Two days after violence rocked Nandigram, near Haldia, the situation remained tense on Friday. The administration, meanwhile, is looking for ways to calm tempers raised by the government’s ‘proposal’ to acquire land for a Special Economic Zone to be developed in the area.
On Friday, the police held a series of meetings with local leaders spearheading the movement against land acquisition for the Indonesian Salim group’s proposed project. The villagers, meanwhile, have agreed to lift their blockade from Saturday, though many of them dug up roads near Sonachura-Khejuri road again on Friday.

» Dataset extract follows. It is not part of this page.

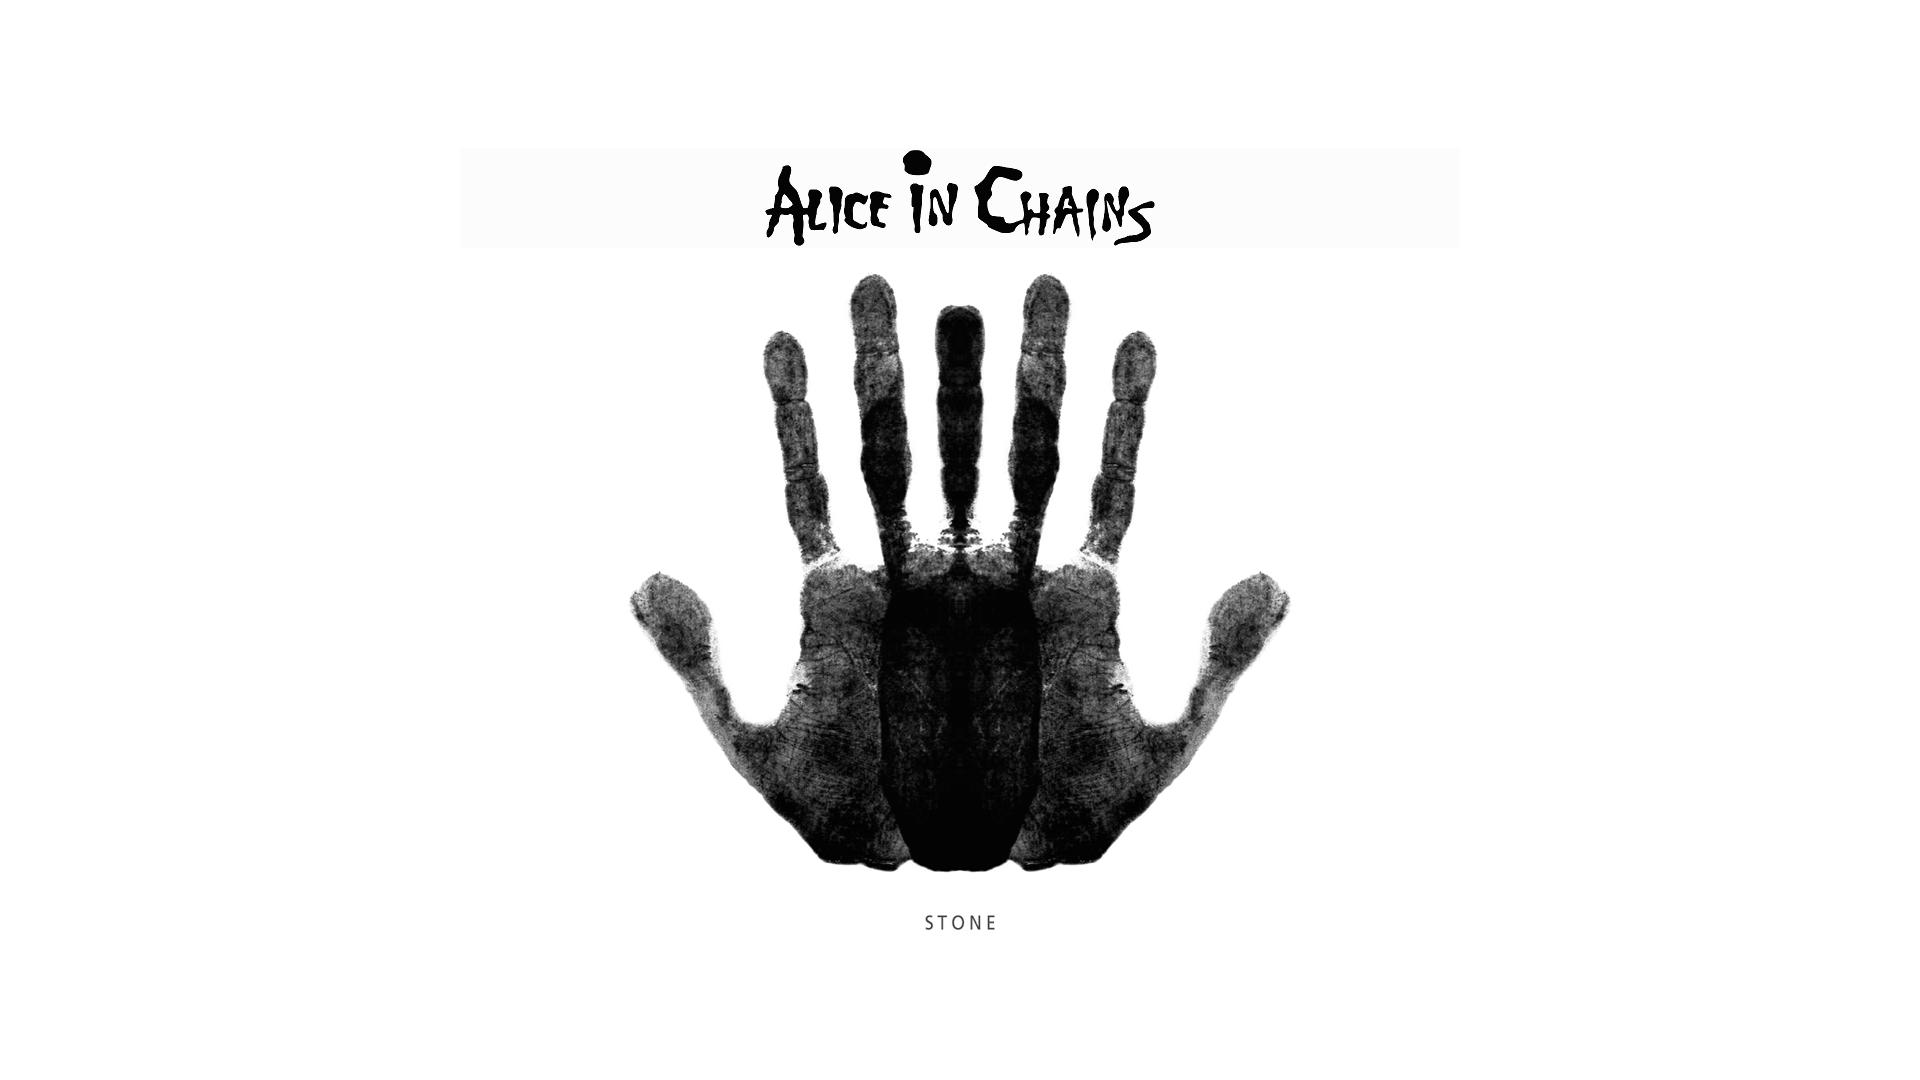 Alice In Chains Stone Wallpaper By ORANGEMAN80 On DeviantArt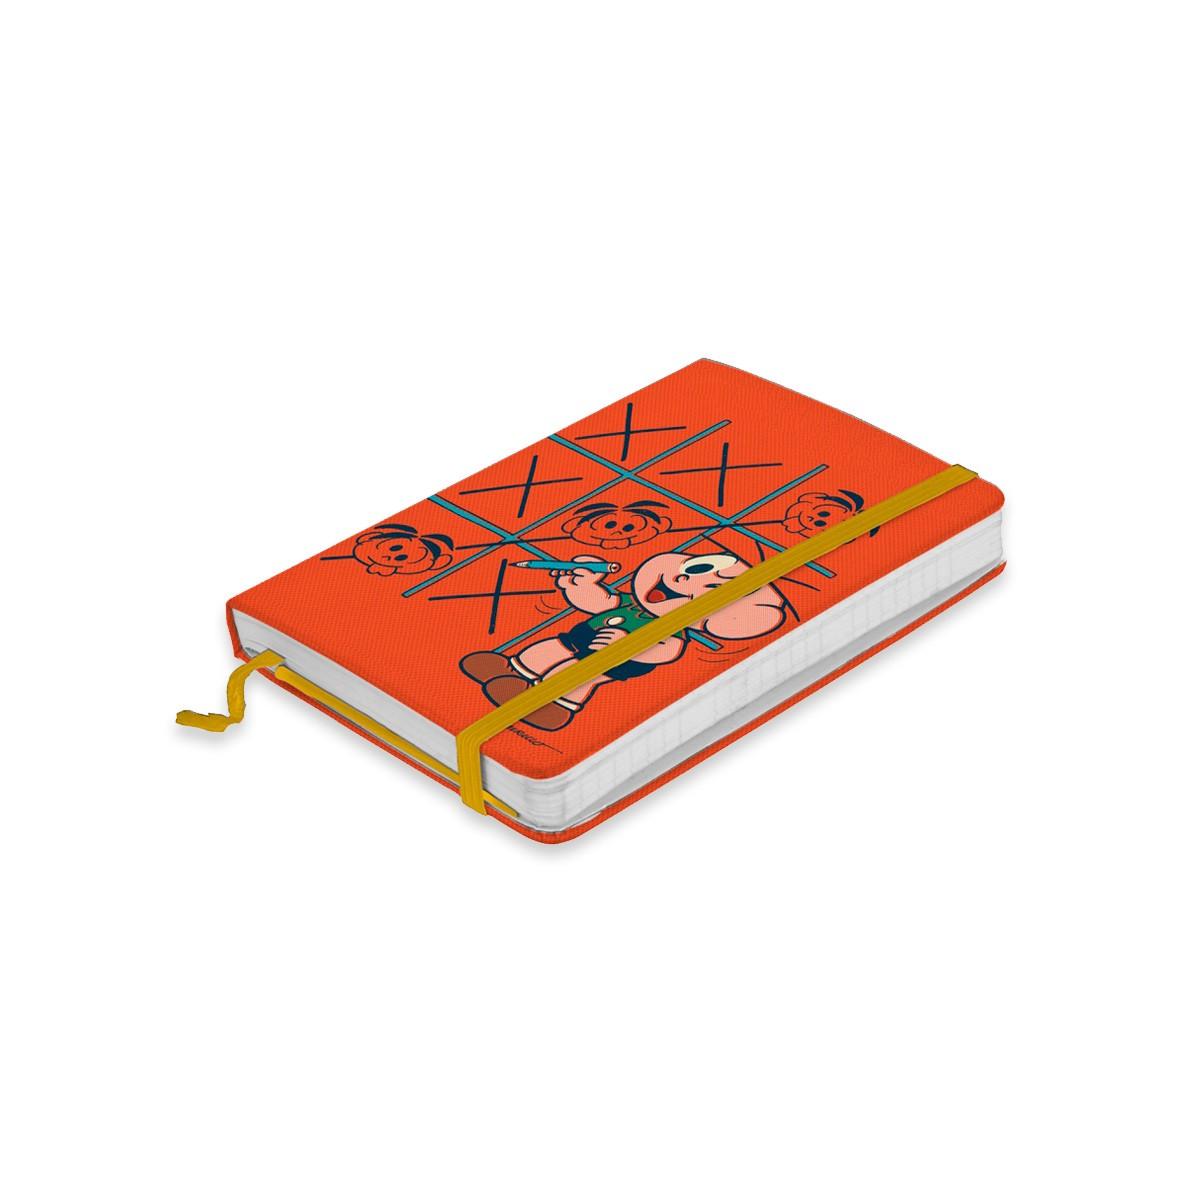 Caderneta de Anotações Turma da Mônica Tic Tac Toe

After the police assured the locals that they would not conduct any raids for at least the next three days, villagers in certain pockets of Nandigram’s Block-1 said they would restore normalcy and make the roads accessible again. “The meeting was successful,” said Arun Kumar Gupta, Inspector General of Police (I-G), Western Range. “The police will not enter the area till calm is restored.”
Reiterating Thursday’s statement that outsiders were involved in the movement, Gupta said intelligence agencies have reported that illegal arms are being smuggled into the area.
Meanwhile, local SUCI leader Bhabani Prasad Das said the protestors are against violence. “We have urged the police to take immediate measures as the situation is slipping out of hand,” Das said. “Violence begets violence, and this might change the course of the movement.”
Earlier in the day, police detained seven men at a bus stop near Nandakumar, while another five were detained from nearby areas.
Infuriated by news of the detention, the villagers claimed that the men were innocent persons going to the state capital to rejoin work after the Eid vacation. Hundreds of people, with weapons in hand, came out on the roads as news spread in the area. “Police have agreed to release them,” SUCI’s Das said. In another development, PDS leader Samir Putotunda was stopped at Reyapara, near Nandigram, and not allowed to enter the area. SUCI has called a mass meeting tomorrow at Tanagar to decide on the future course of the movement.